I got confirmation from Paul Wögerer on #native-image that there isn't currently support for @-files in native-image.

sogaiu avatar Nov 28 '19 15:11 sogaiu

It could be that the clj / clojure tooling on Windows is experiencing this issue.

If it turns out there's a way for the classpath to get shortened either before clj / clojure receives it, or before clj / clojure launches its final jvm, may be clj.native-image will inherit a short enough classpath. Then, may be native-image will launch without problems.
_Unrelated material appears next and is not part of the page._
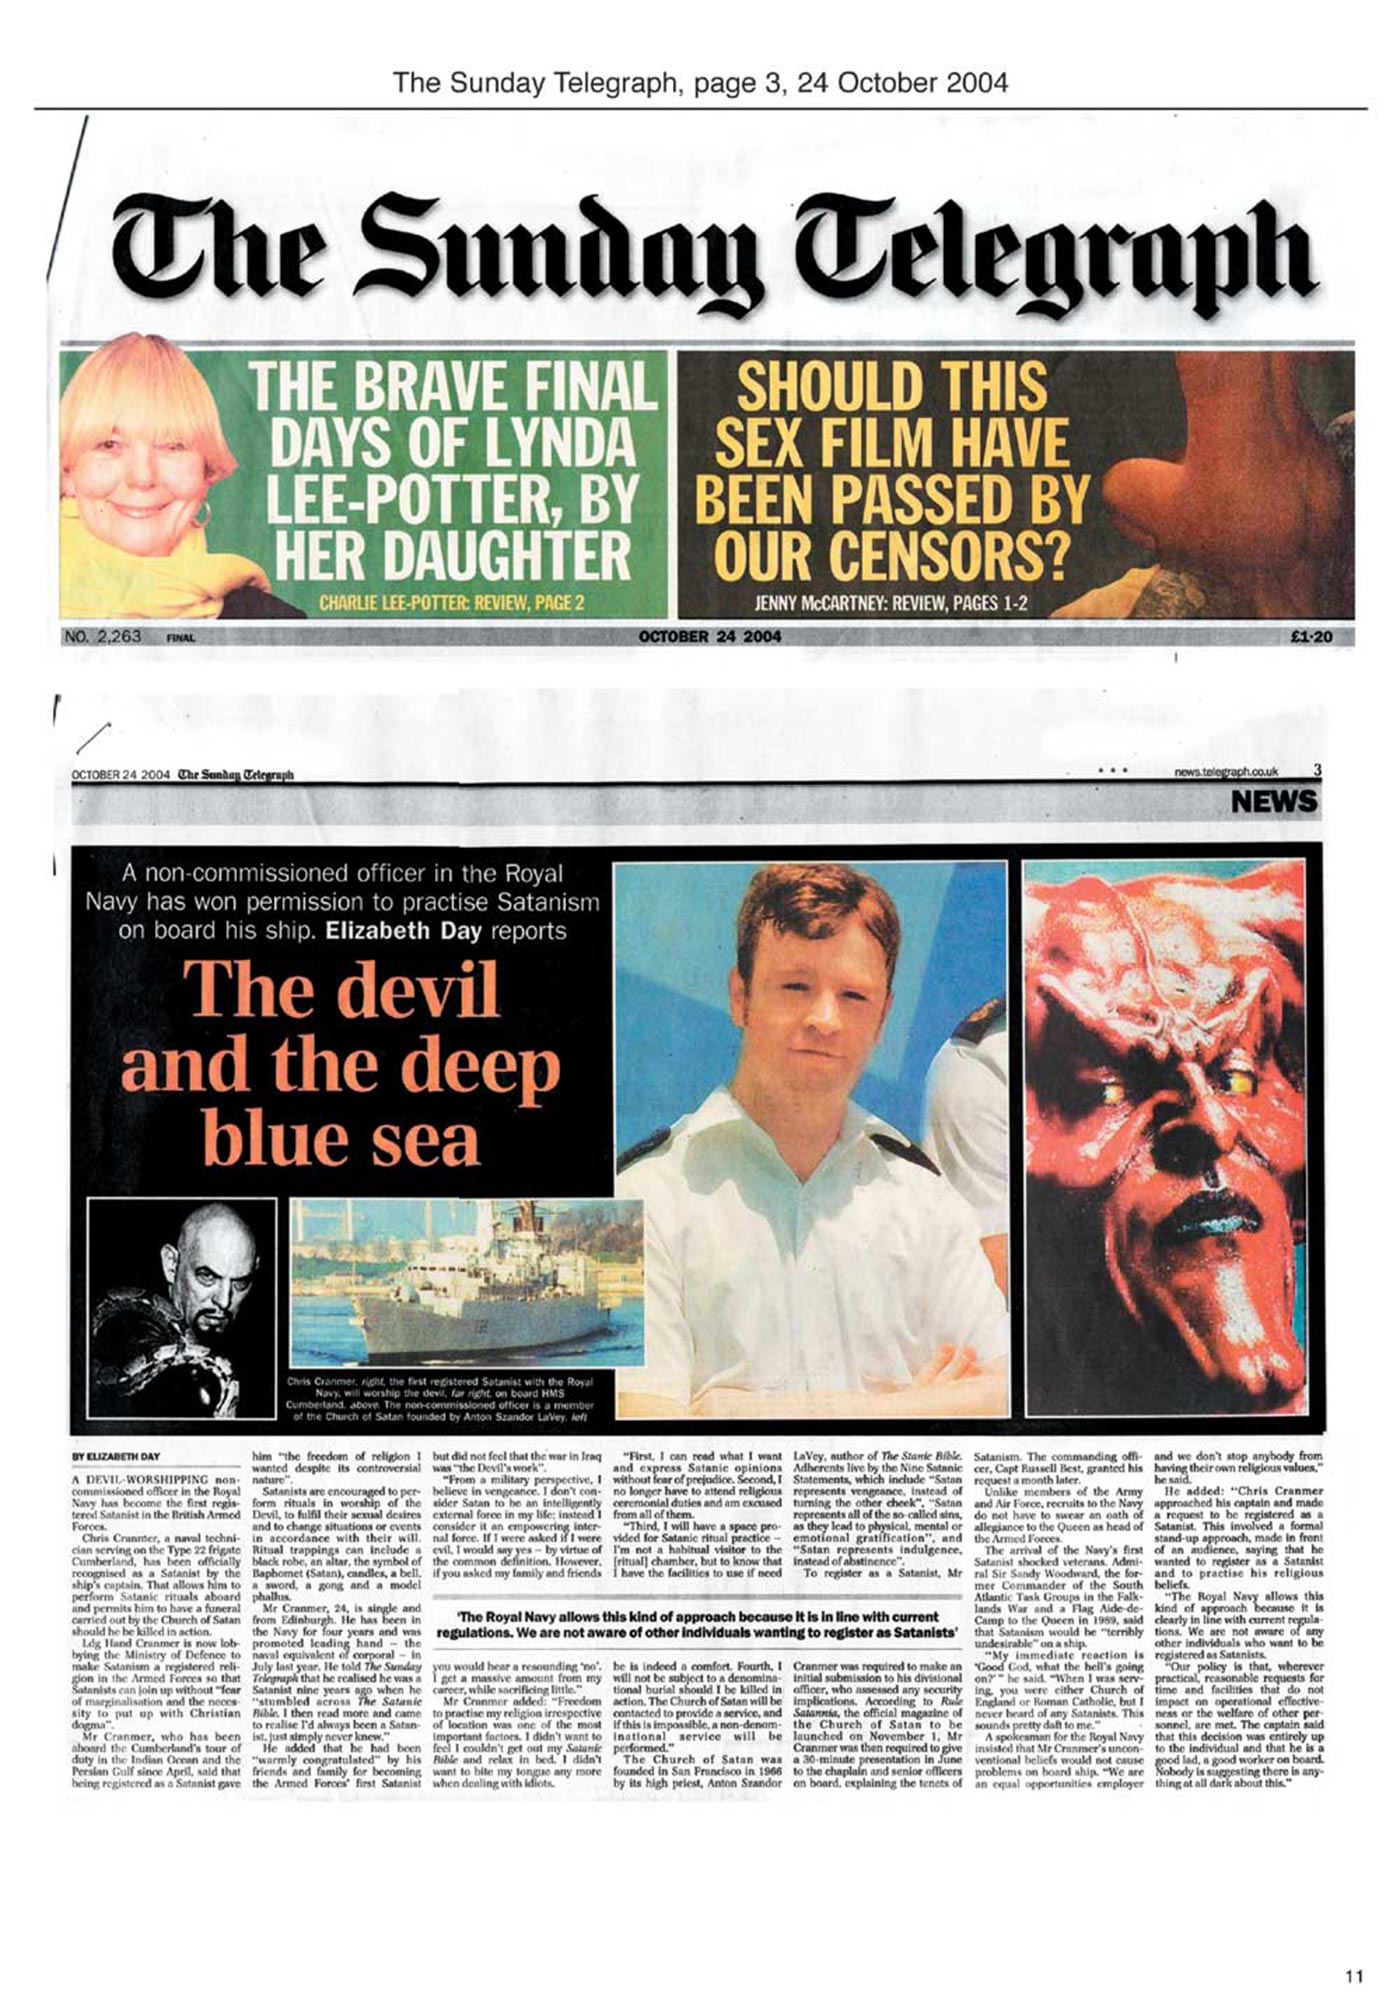 The Sunday Telegraph October 2004

sogaiu avatar Nov 28 '19 16:11 sogaiu

An attempt at a summary of the state of classpath-and-windows-length-limits-do-not-get-along-work-around-functionality available in native-image:

  • uberjar: build an uberjar and hand it to native-image using its -jar option. borkdude uses this method in clj-kondo, babashka, etc.
  • Pathing.jar: experiments suggest, yes: https://github.com/taylorwood/clj.native-image/issues/18#issuecomment-559240320
  • Classpath wildcards: apparently yes: https://github.com/oracle/graal/issues/1558#issuecomment-517587469
  • @-files: not supported according to Paul Wögerer on #native-image

So, how can one of the usable bits be applied?

The uberjar method has a track record. Where I've seen it, the uberjar is constructed via Leiningen. I would prefer a solution that doesn't use that. May be there is an alternate tool that could be used to a similar end. Not sure if depstar or uberdeps are enough -- more options may be available at: https://github.com/clojure/tools.deps.alpha/wiki/Tools#packaging

As mentioned in a comment above (https://github.com/taylorwood/clj.native-image/issues/18#issuecomment-559240320), the manifest file has some limitations to it. I don't know if that's something that can be surmounted. On the surface, it makes the pathing.jar approach not-so-attractive.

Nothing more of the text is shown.